━━━ EXERCISE MATERIAL ━━━
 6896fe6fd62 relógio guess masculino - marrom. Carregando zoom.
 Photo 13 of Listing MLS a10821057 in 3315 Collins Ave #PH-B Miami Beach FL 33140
━━━
━━━ EXERCISE MATERIAL ━━━
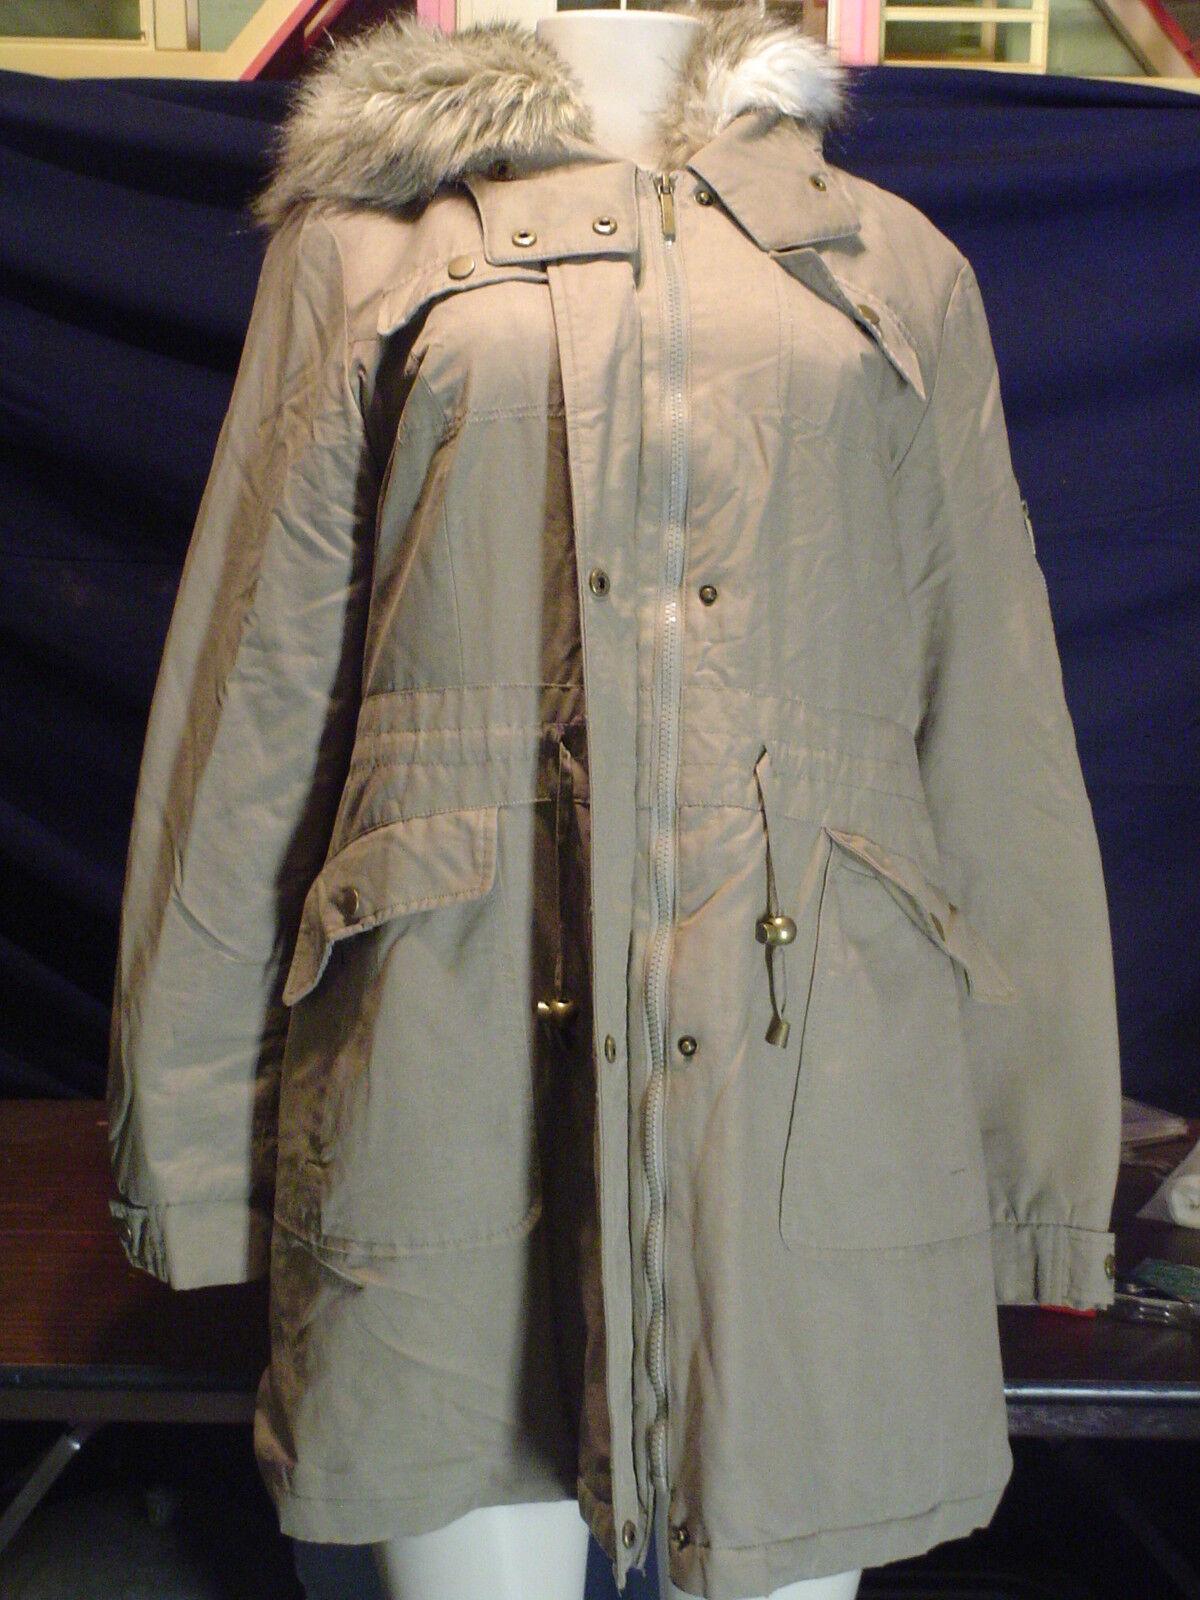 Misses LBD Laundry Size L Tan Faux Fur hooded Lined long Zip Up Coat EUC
━━━
━━━ EXERCISE MATERIAL ━━━
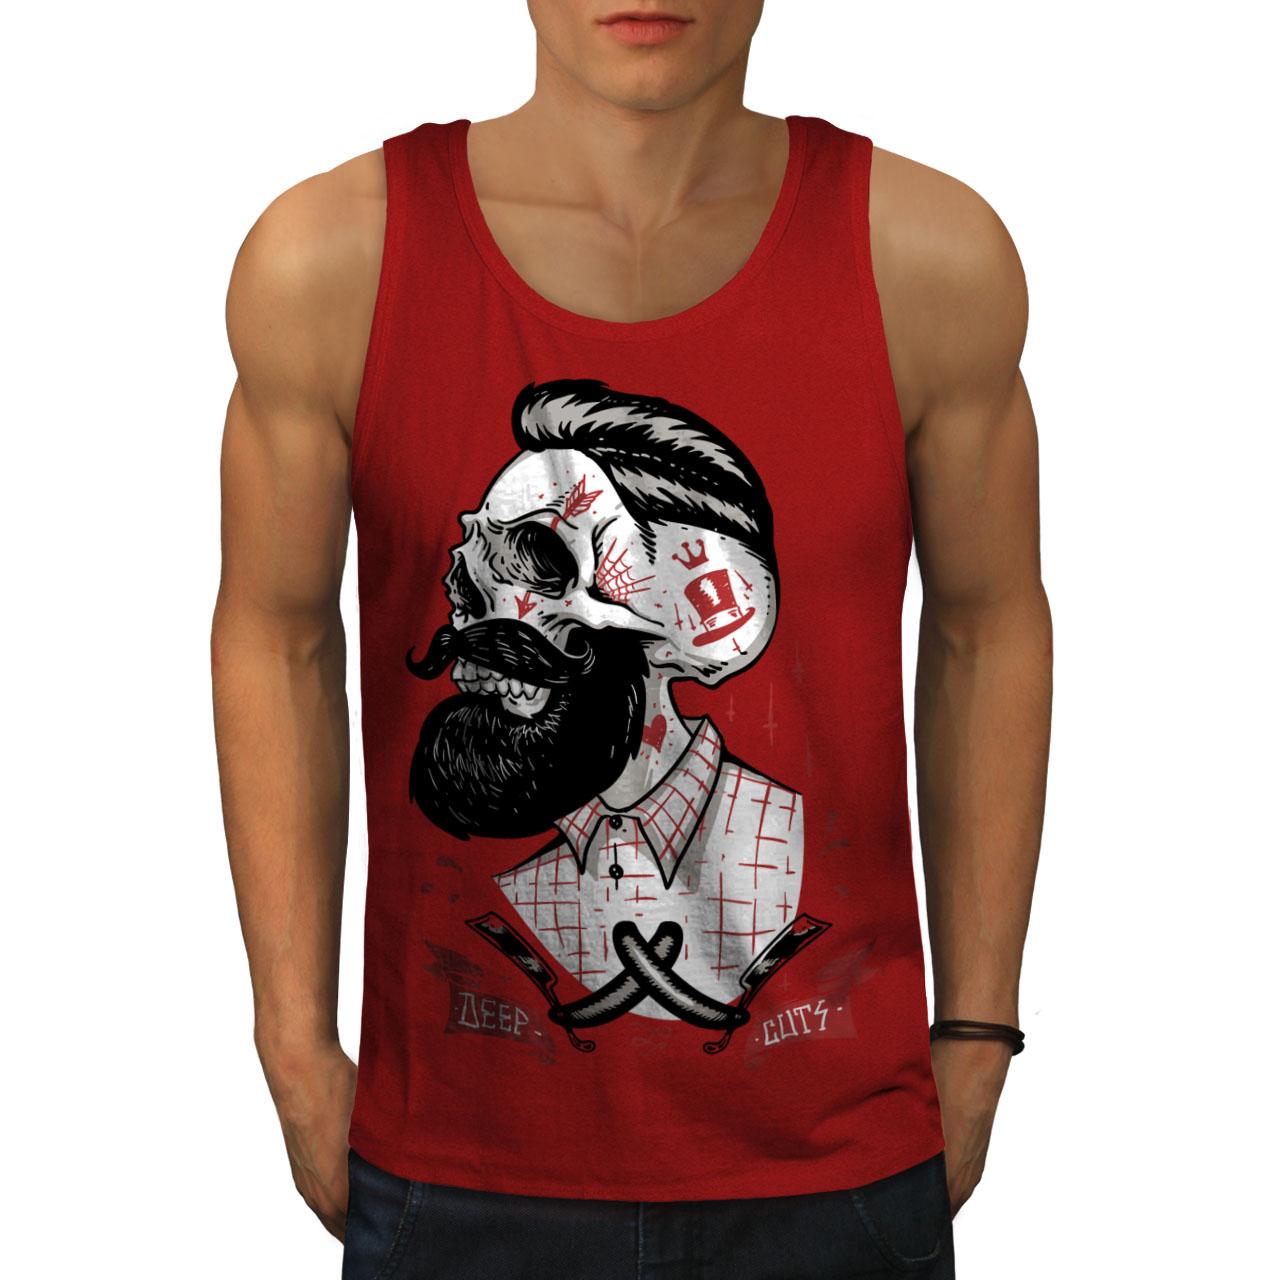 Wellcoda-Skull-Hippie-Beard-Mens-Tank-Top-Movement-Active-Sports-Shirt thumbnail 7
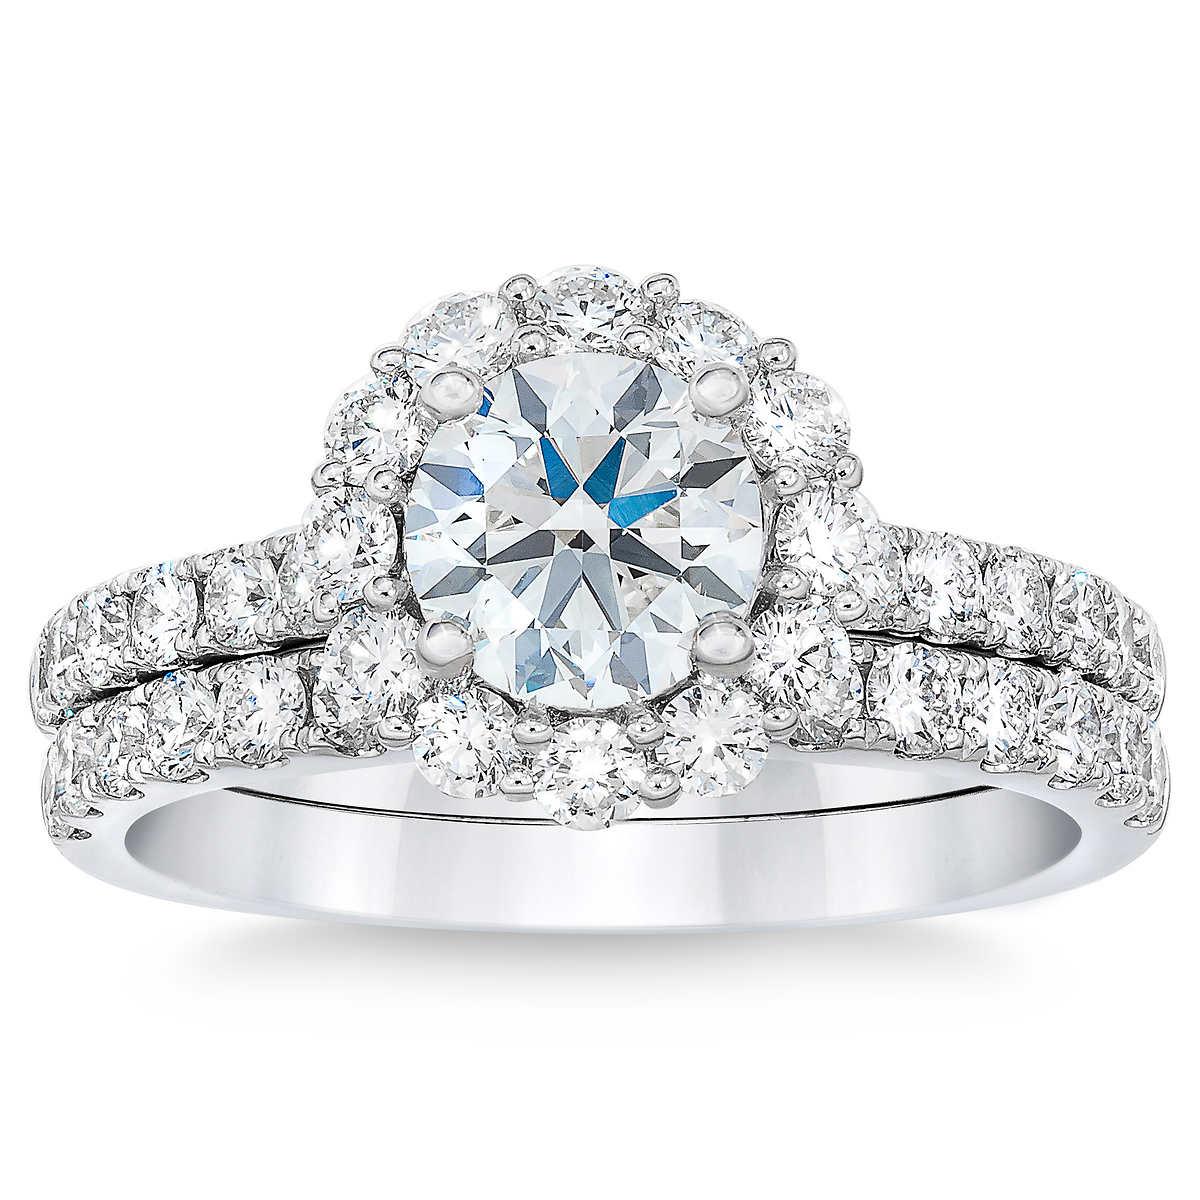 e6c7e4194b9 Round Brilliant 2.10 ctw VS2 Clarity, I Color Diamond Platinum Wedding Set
━━━
• AIM OF THE TASK:
Only one stretch of the data above is needed. Restate it word for word, from the line containing "6896fe6fd62 relógio guess" through the line containing "Photo 13 of", both ends included.

• RESPONSE:
 6896fe6fd62 relógio guess masculino - marrom. Carregando zoom.
 Photo 13 of Listing MLS a10821057 in 3315 Collins Ave #PH-B Miami Beach FL 33140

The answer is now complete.